• Task statement: What you submit must be an exact copy of the listing below, with no images in it.

[Given data]

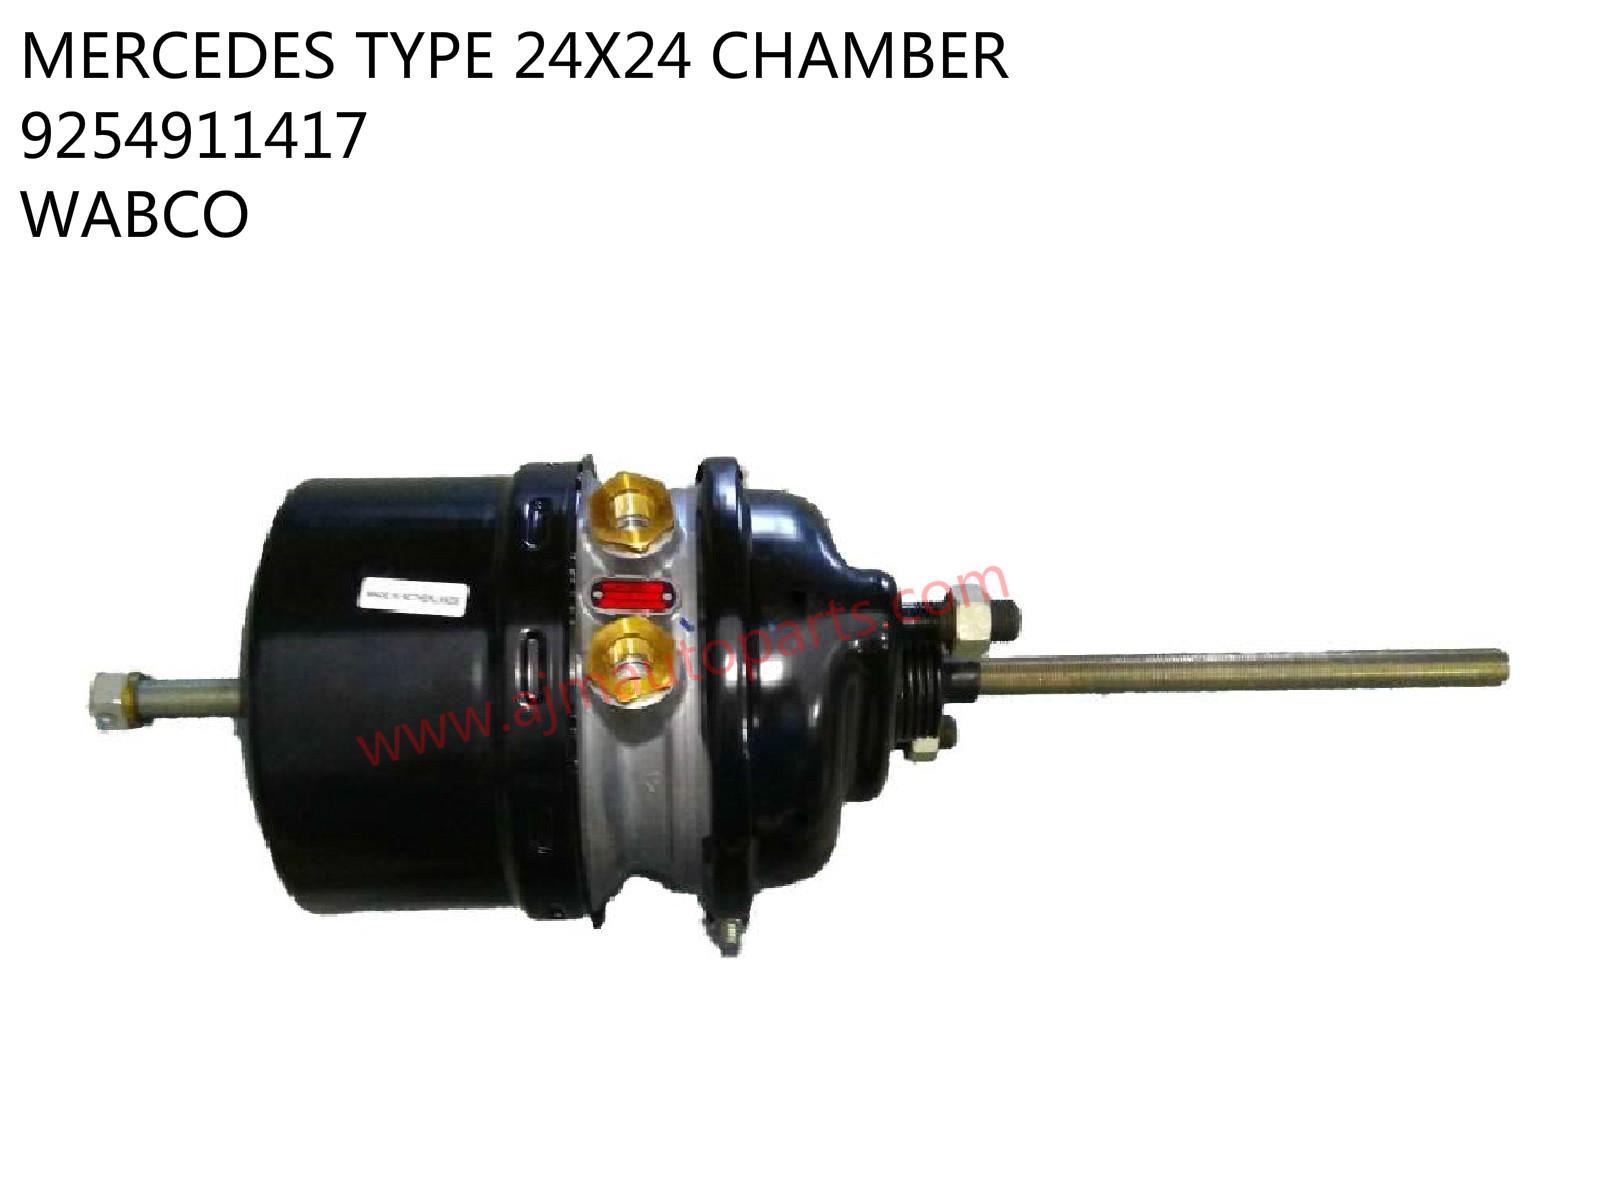 MERCEDES 24X24 CHAMBER-9254911417
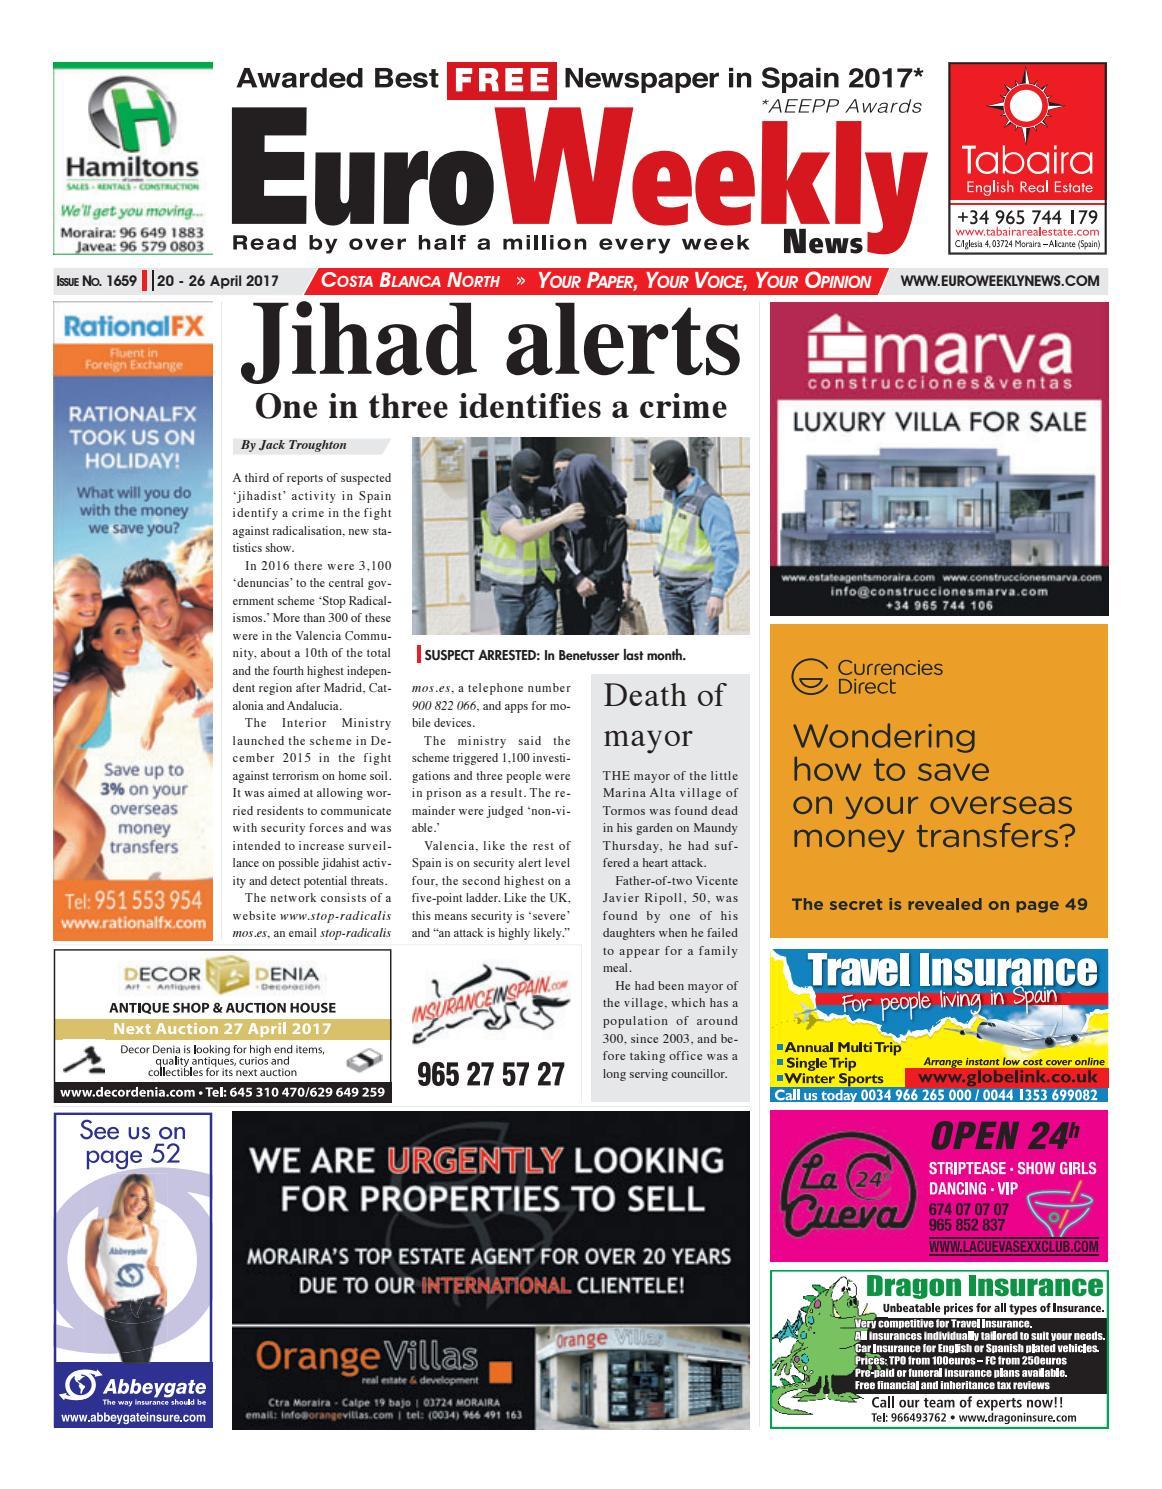 Euro Weekly News Costa Blanca North 20 26 April 2017
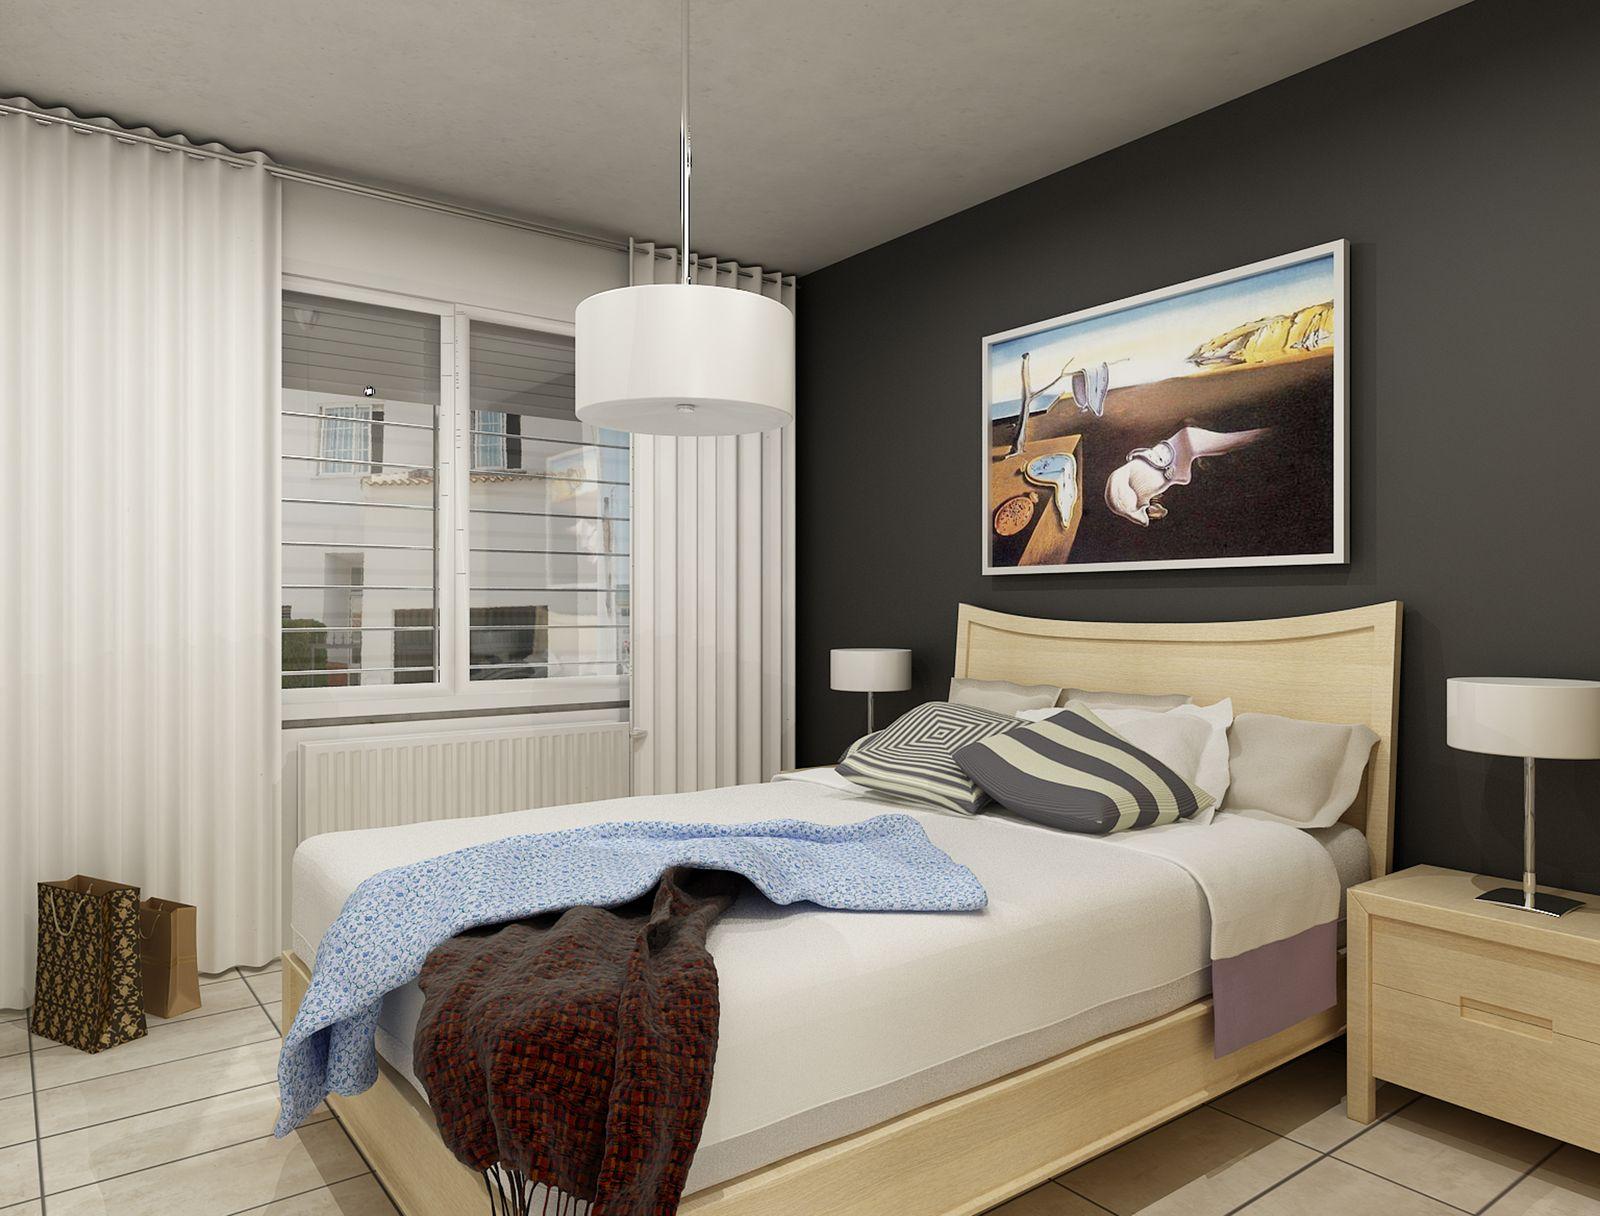 Dormitorios Peque Os Decoraci N ~ Decorar Dormitorio Matrimonio Pequeño

[/Given data]

• Reply to the task:
 MERCEDES 24X24 CHAMBER-9254911417
 Euro Weekly News Costa Blanca North 20 26 April 2017
 Dormitorios Peque Os Decoraci N ~ Decorar Dormitorio Matrimonio Pequeño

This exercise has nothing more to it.